Lincoln Lavoie, vice-chair of the technical working group at the IMS Forum, said the intent for the BSS/OSS component of the event was to examine the interfaces that are used to collect charging data about sessions and events from the network.

So through testing, participants exposed BSS and OSS interfaces to a number of services including triple play, VoIP, fixed mobile convergence from multiple vendors. They also validated test and measurement equipment, SIP, Class-5 features, DIAMETER IMS stacks, and instant messaging with presence support.

Including back office components into the interoperability process could hardly have waited much longer. According to OSS Observer, the forecast for real-time charging systems will grow from $2.9 billion this year to $4.4 billion by 2012 (Figure 1.) It is unlikely that the market can grow at such a pace without the accelerated deployment of IMS and pre-IMS architectures. The reverse also is true: It is unlikely that IMS can reach its potential without incorporating interoperable real-time charging.

Real-time charging is not new — obviously, by the $2.6 billion it generated last year — but one of the reasons it is so important to include it in the plugfest process is that the charging process itself is changing. Mostly, it is scaling.

Sixty-nine percent of real-time charging solutions support IN-based systems such as pre-paid platform, according to HP. By the time the market reaches that $4.4 billion mark, 70percent of it will be in support of IMS-based services.

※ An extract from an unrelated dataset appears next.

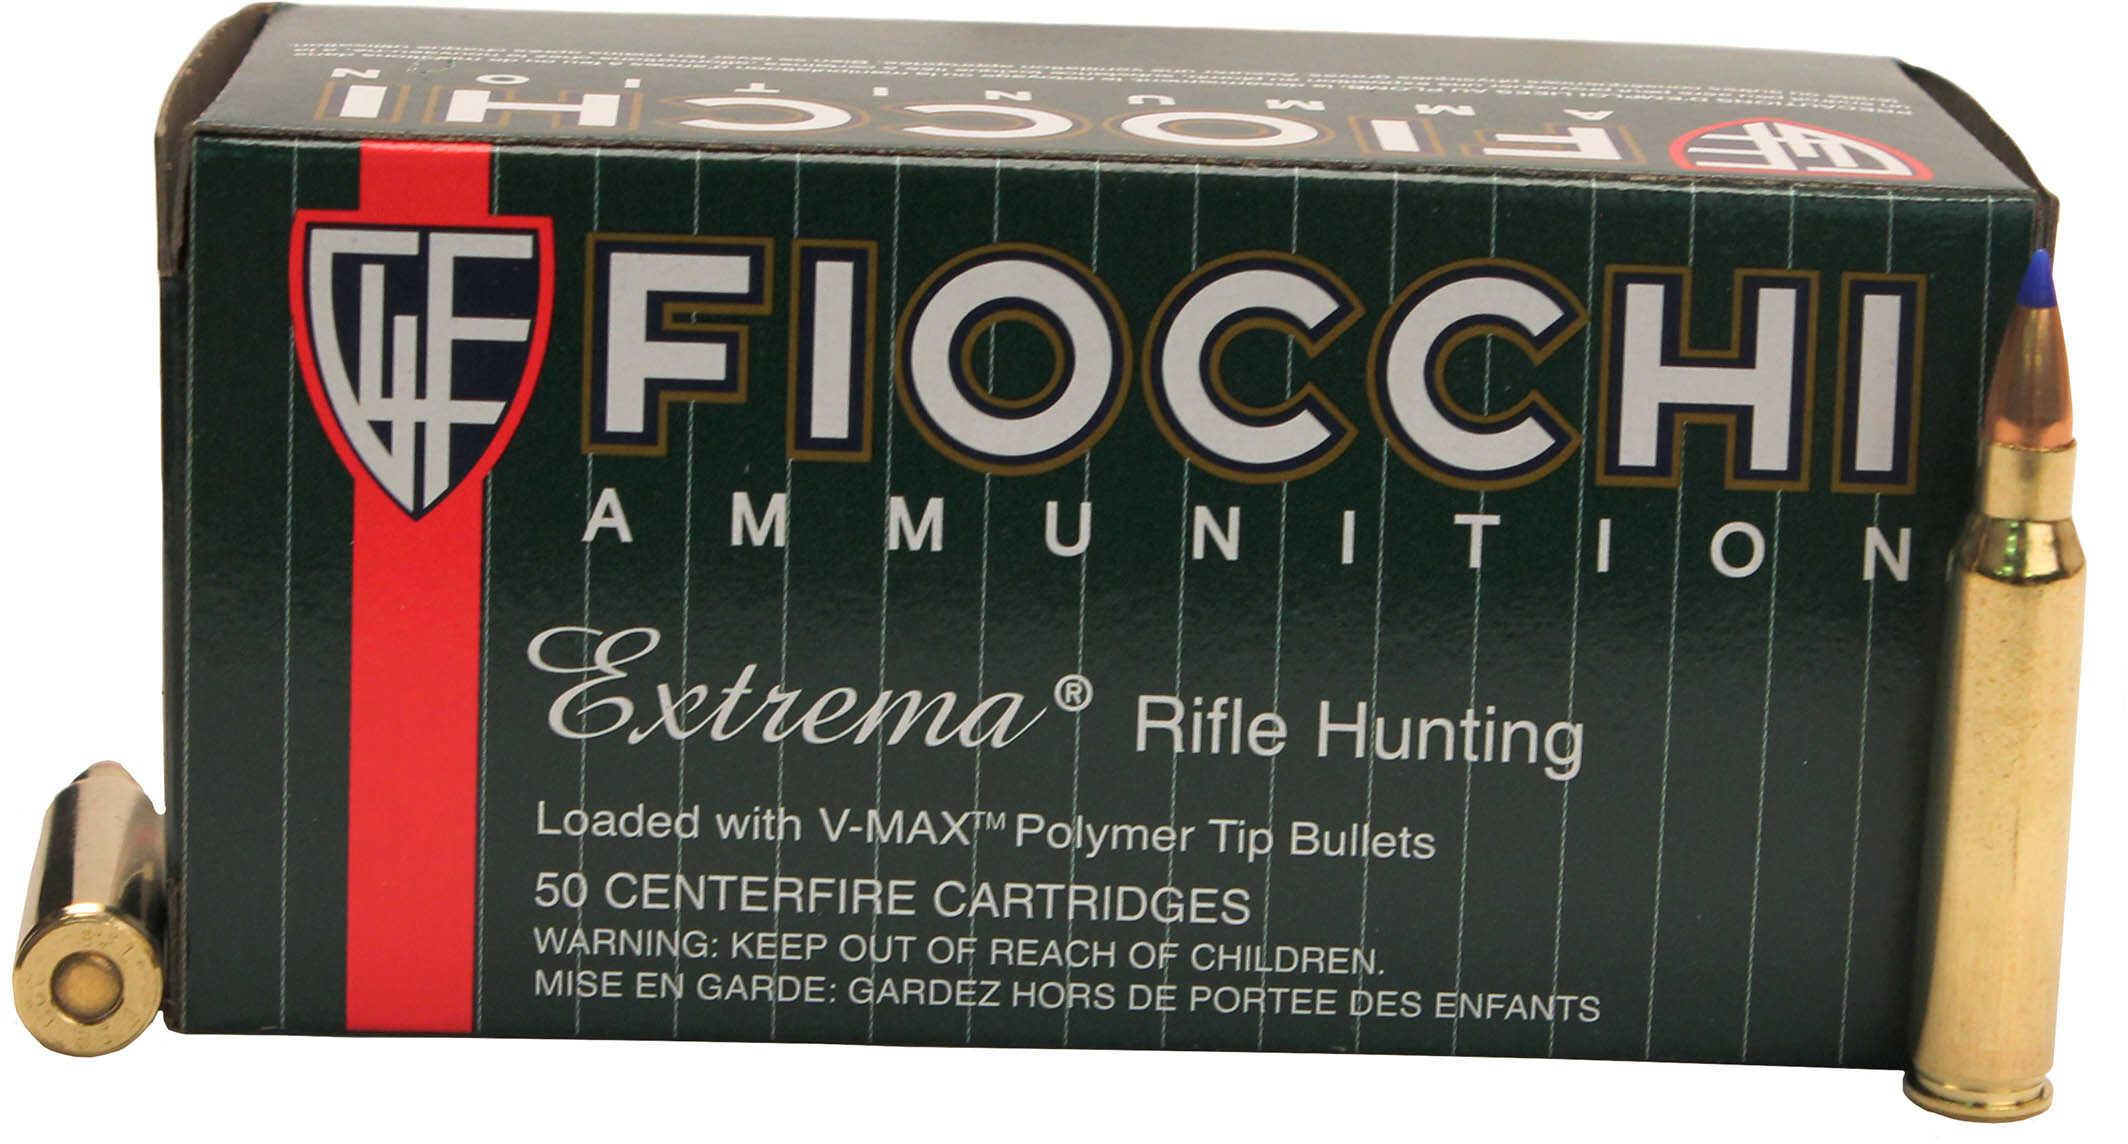 Fiocchii Extrema Rifle Hunting Ammunition 223 Remington - 40 Grains - Hornady V-MAX - 3650 FPS - 50 per b 223HVB50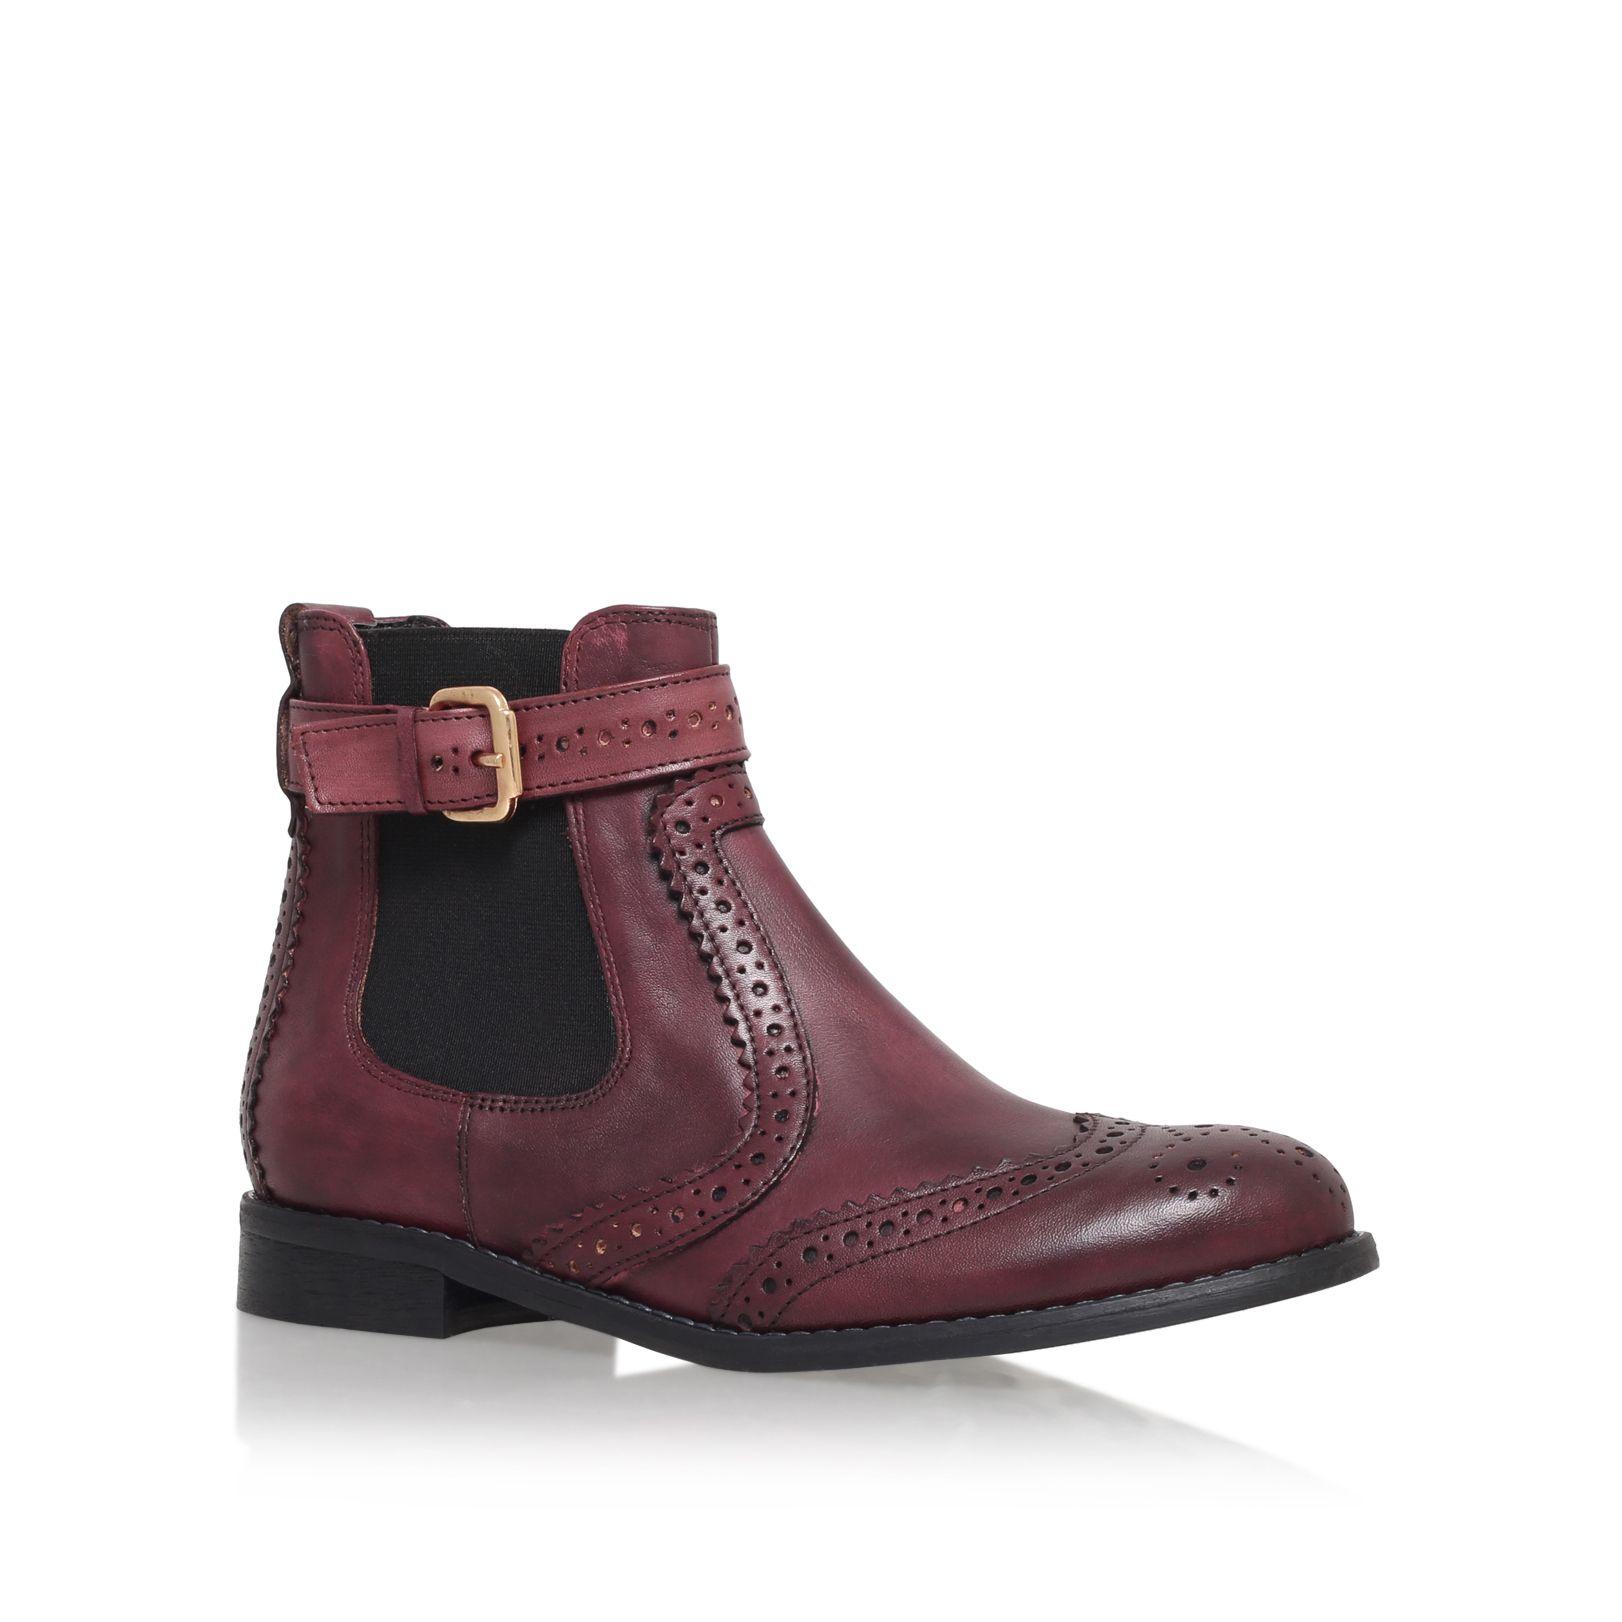 Carvela Kurt Geiger Slow Chelsea Boots In Purple For Men | Lyst

That is important because the complexity of transaction event volume in an IMS architecture will increase by seven to 10 times over the volumes needed to support voice traffic today.

In addition to the increased volume of transactions and messaging, more complexity will be introduced by the need to support the transactions across third-party providers and multiple network types.

Testing this functionality cannot wait until the hardware community gets its entire house in order.

“It was bold to implement billing and OSS this early in the process,” said Thomas Maufer, director of technical marketing at MU Security. “Without billing, we can’t have a service.”

He said that he and other vendors come to the plugfest with the intention of breaking things. After Plugfest IV, he said, the industry is a lot more production ready.